▶ Try it: Please return only the lines from the one holding "Depicting the moment" through the one holding "#TaptokTech #ContactManagement", exactly as they appear in the records below, both ends included.

▶ Task inputs:
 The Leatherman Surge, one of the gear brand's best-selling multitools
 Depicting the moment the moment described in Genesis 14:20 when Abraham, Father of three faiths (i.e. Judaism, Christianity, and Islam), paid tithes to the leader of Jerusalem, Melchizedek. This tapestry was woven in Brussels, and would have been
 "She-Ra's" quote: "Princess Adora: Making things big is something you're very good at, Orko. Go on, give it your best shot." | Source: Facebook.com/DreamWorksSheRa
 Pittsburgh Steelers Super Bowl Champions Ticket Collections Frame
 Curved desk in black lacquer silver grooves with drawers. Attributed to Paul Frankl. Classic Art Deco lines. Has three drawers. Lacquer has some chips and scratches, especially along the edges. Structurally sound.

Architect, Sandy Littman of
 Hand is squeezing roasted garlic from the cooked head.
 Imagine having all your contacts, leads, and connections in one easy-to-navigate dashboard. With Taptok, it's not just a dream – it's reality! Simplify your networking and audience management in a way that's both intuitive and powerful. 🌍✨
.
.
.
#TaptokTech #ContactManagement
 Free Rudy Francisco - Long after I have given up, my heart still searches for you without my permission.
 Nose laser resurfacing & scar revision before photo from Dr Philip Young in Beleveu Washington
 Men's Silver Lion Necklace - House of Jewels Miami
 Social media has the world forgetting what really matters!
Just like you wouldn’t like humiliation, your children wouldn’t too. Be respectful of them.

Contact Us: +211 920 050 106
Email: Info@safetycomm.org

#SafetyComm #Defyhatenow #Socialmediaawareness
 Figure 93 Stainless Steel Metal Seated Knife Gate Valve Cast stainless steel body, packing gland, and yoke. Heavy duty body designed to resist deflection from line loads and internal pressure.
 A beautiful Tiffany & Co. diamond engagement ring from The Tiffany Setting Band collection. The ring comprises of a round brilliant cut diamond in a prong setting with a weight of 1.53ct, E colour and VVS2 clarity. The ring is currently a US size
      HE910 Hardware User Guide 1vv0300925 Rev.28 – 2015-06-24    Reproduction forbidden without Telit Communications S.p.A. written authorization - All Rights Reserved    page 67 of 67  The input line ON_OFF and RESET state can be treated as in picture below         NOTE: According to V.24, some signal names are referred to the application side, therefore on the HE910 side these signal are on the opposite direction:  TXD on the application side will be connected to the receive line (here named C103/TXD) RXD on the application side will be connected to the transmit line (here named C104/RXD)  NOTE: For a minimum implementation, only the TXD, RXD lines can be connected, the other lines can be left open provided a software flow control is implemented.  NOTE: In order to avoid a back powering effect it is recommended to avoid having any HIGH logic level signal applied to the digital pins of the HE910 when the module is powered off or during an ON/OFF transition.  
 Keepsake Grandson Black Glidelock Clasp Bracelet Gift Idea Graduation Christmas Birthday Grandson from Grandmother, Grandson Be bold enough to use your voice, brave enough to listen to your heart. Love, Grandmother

▶ Answer for the task:
 Depicting the moment the moment described in Genesis 14:20 when Abraham, Father of three faiths (i.e. Judaism, Christianity, and Islam), paid tithes to the leader of Jerusalem, Melchizedek. This tapestry was woven in Brussels, and would have been
 "She-Ra's" quote: "Princess Adora: Making things big is something you're very good at, Orko. Go on, give it your best shot." | Source: Facebook.com/DreamWorksSheRa
 Pittsburgh Steelers Super Bowl Champions Ticket Collections Frame
 Curved desk in black lacquer silver grooves with drawers. Attributed to Paul Frankl. Classic Art Deco lines. Has three drawers. Lacquer has some chips and scratches, especially along the edges. Structurally sound.

Architect, Sandy Littman of
 Hand is squeezing roasted garlic from the cooked head.
 Imagine having all your contacts, leads, and connections in one easy-to-navigate dashboard. With Taptok, it's not just a dream – it's reality! Simplify your networking and audience management in a way that's both intuitive and powerful. 🌍✨
.
.
.
#TaptokTech #ContactManagement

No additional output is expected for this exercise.